*INSTRUCTIONS TO FOLLOW*.
In the records below, find the line containing "by J Cheret" and print it and every line after it exactly, through the end. Skip pictures.

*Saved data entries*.
--------

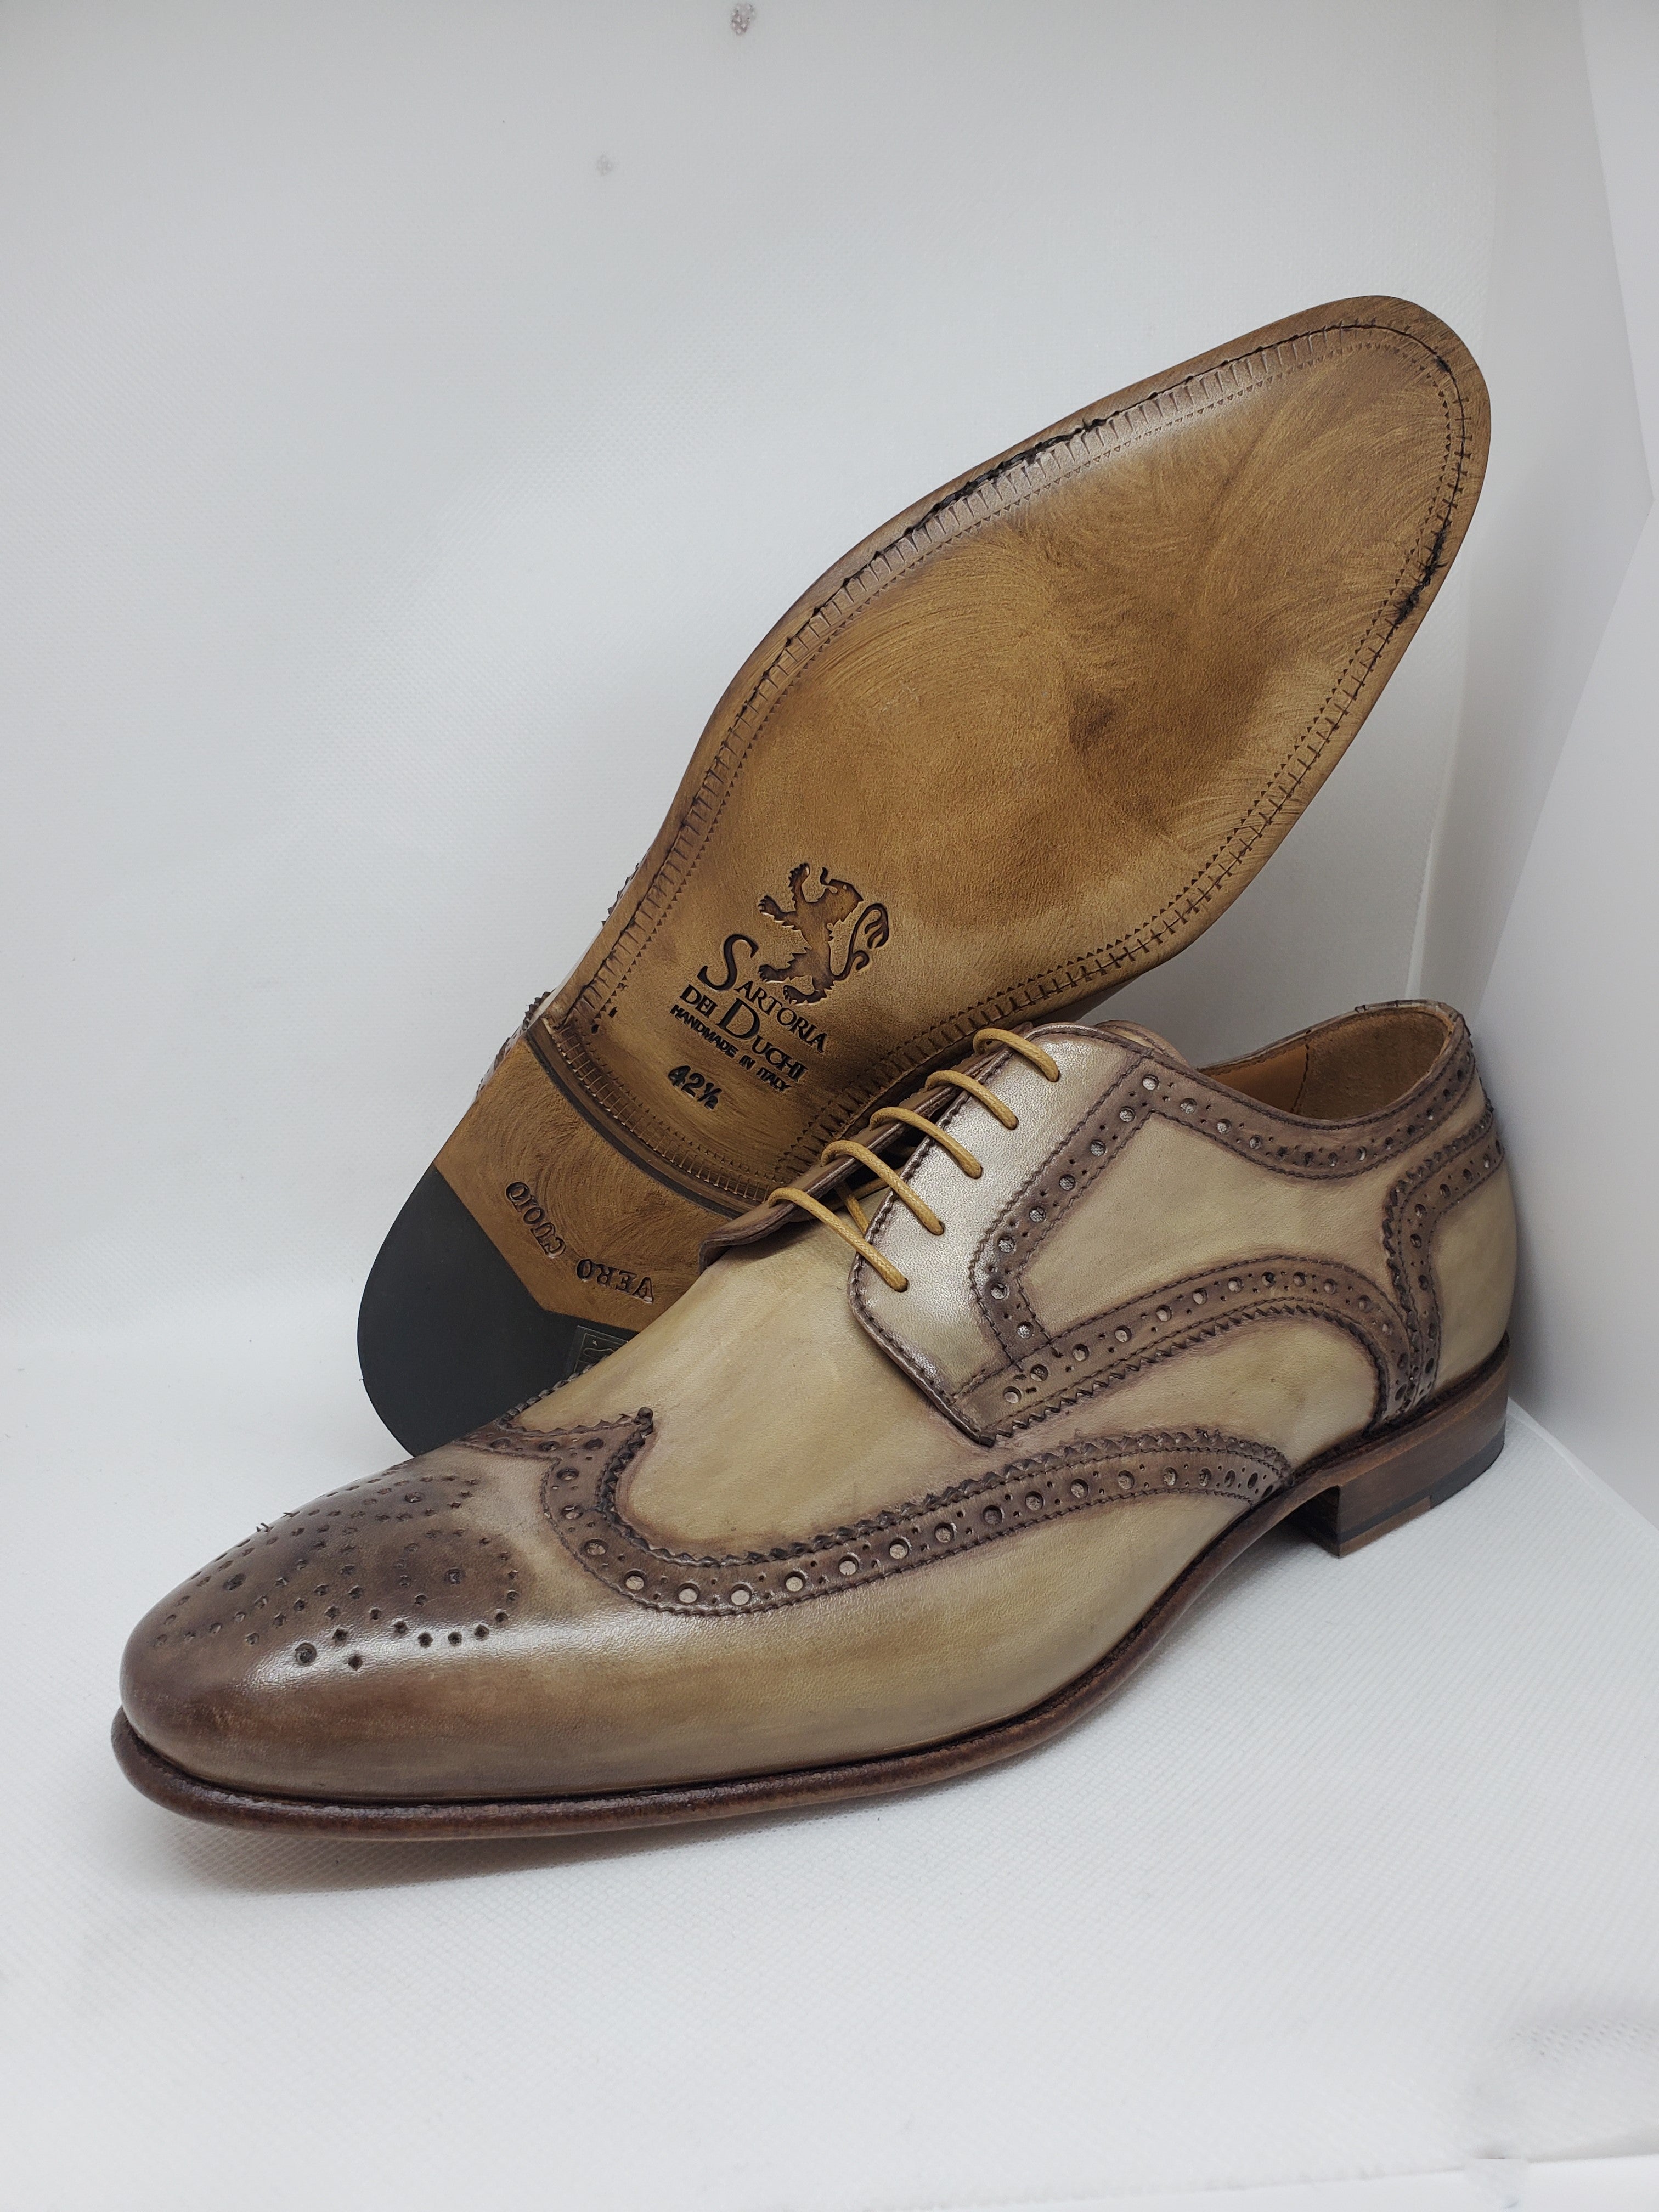 Classic derby shoes 100% made in Italy with Blake stitching, made with crust calfskin and hand antiqued and colored.The Blake process the shoe is mounted on the shoe tree, and a machine called &quot;Blake&quot; the sole is sewn to the insole and the upper. This procedure guarantees the high quality seal of the fund.A classic refined shoe, perfect for your everyday occasions. | Sartoria Dei Duchi - Atri
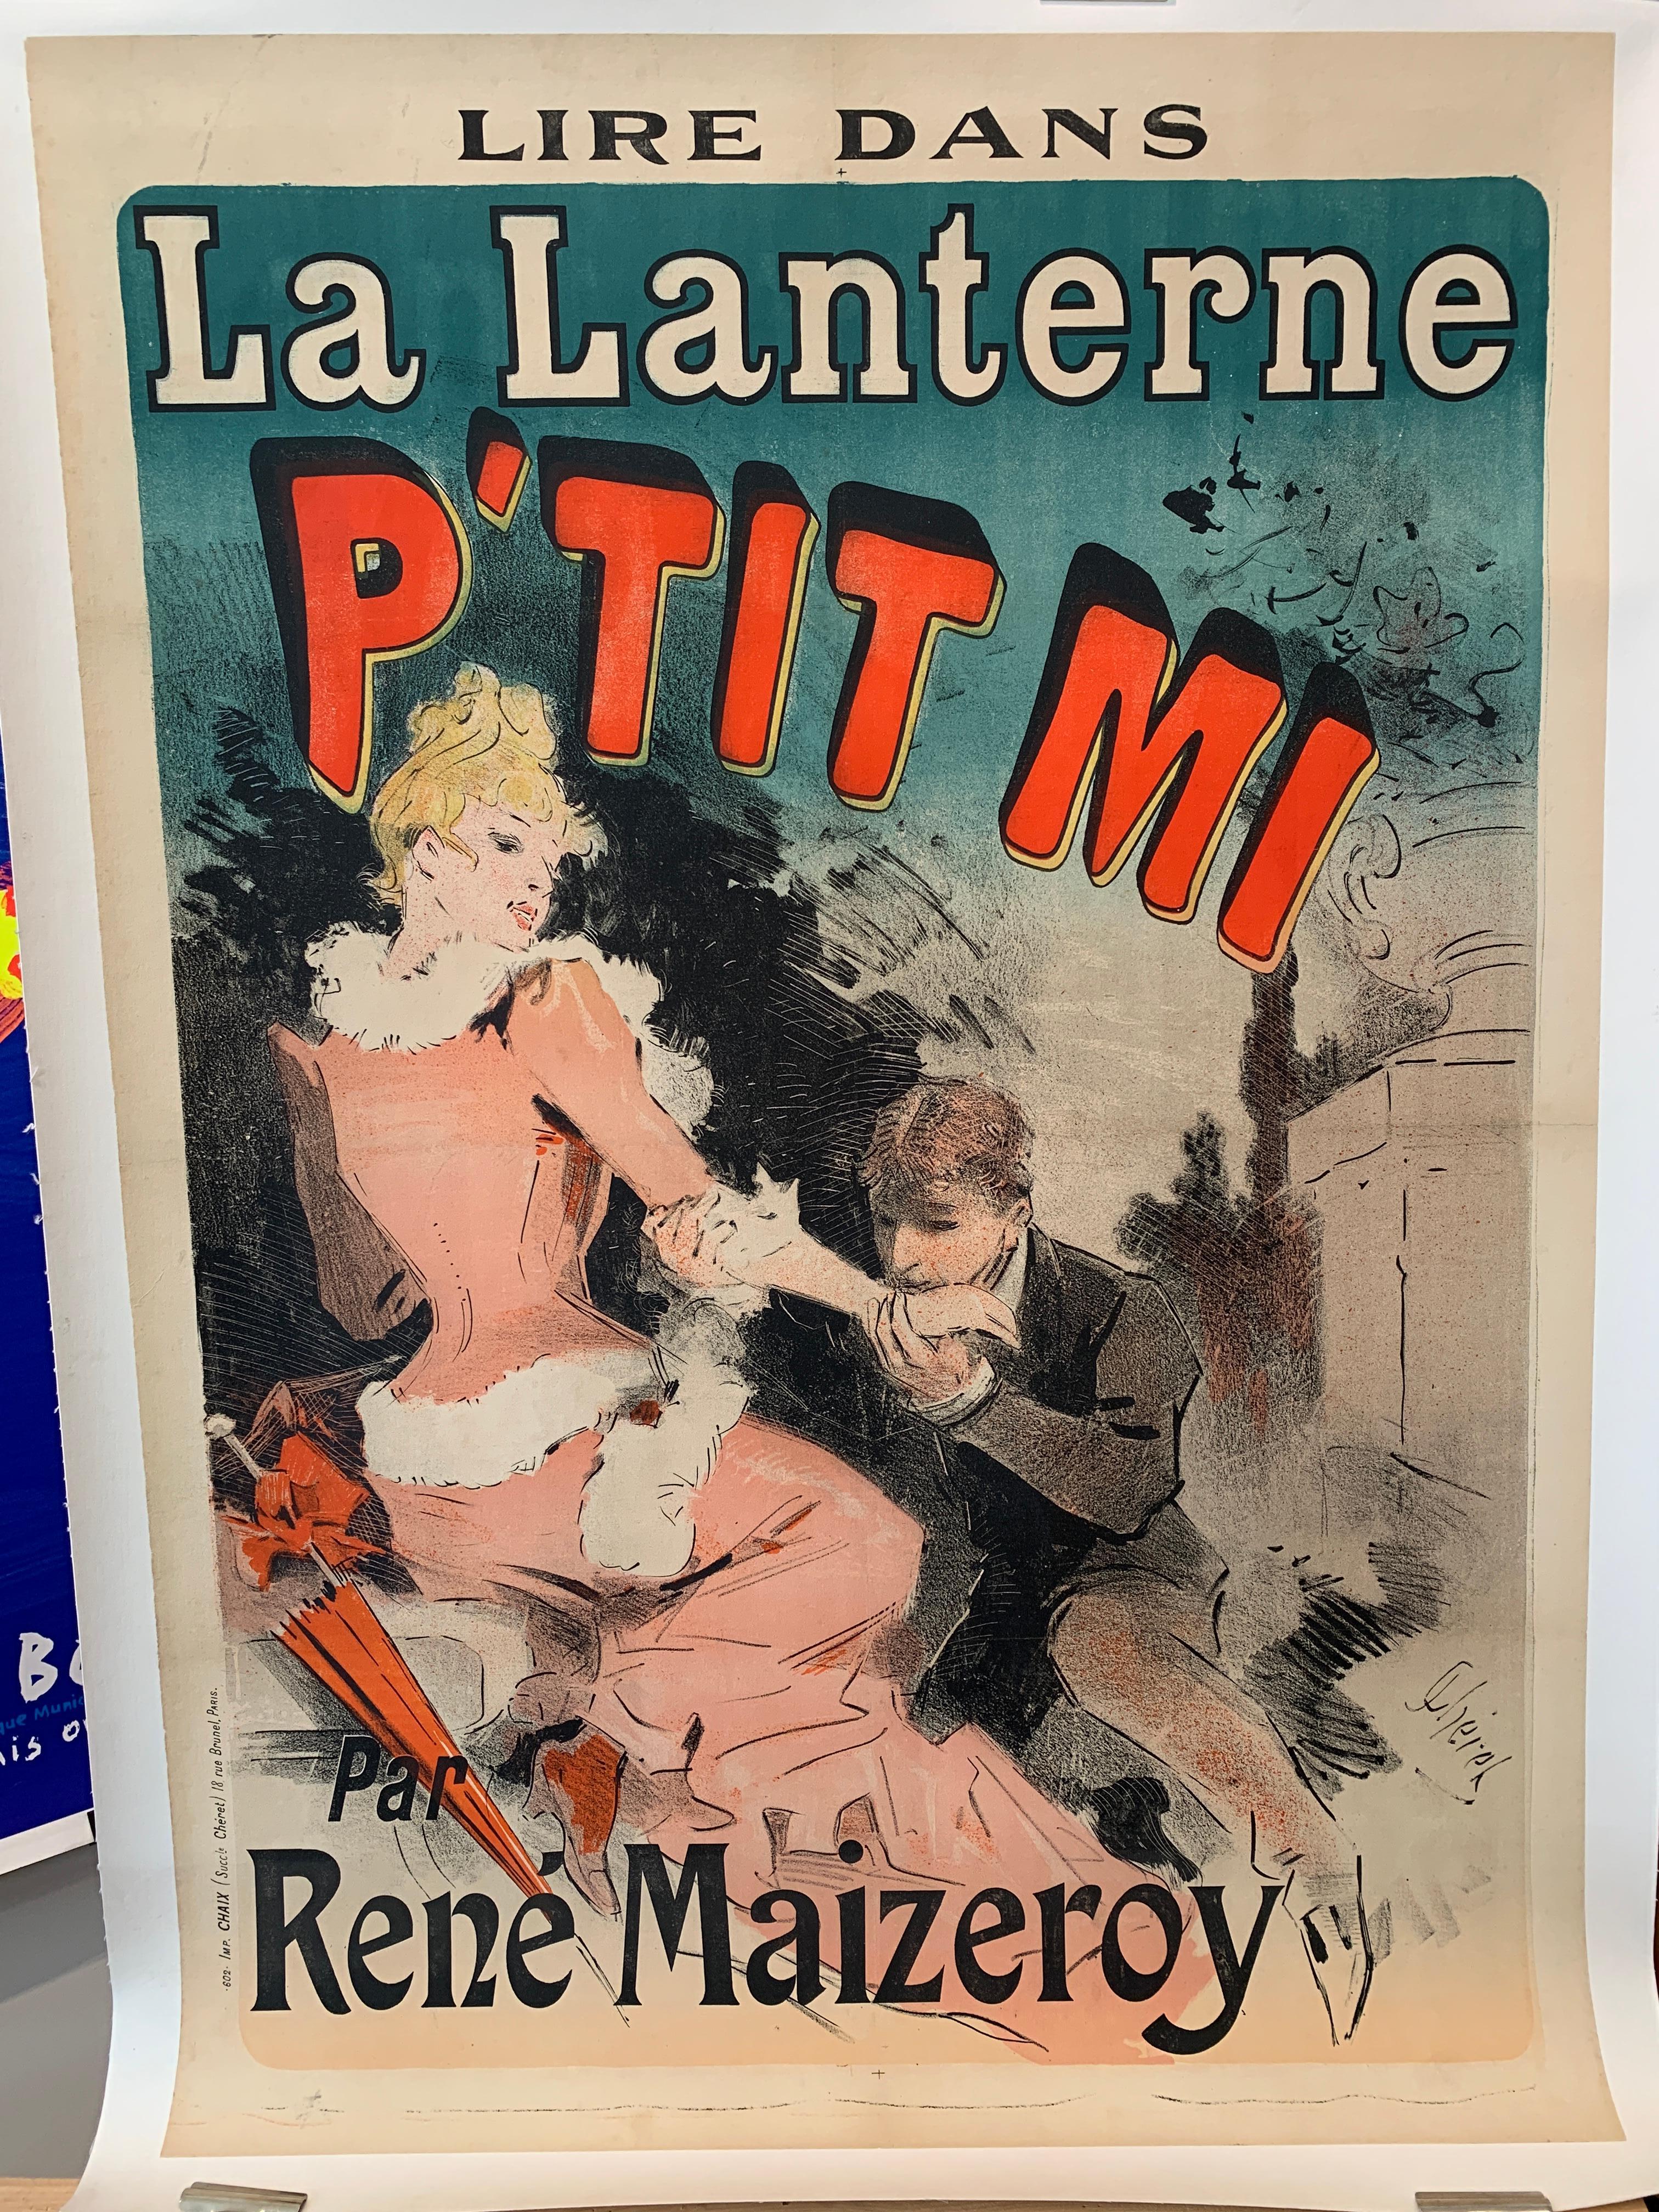 'La Lanterne p'tit mi', Original Vintage 18th Century Theatre Poster by J Cheret

Original Vintage poster from 1890, this poster has been backed onto linen for preservation. The colours are vibrant. 

ARTIST	
J

--------

*RESPONSE TO THE EXERCISE*.
 'La Lanterne p'tit mi', Original Vintage 18th Century Theatre Poster by J Cheret

Original Vintage poster from 1890, this poster has been backed onto linen for preservation. The colours are vibrant. 

ARTIST	
J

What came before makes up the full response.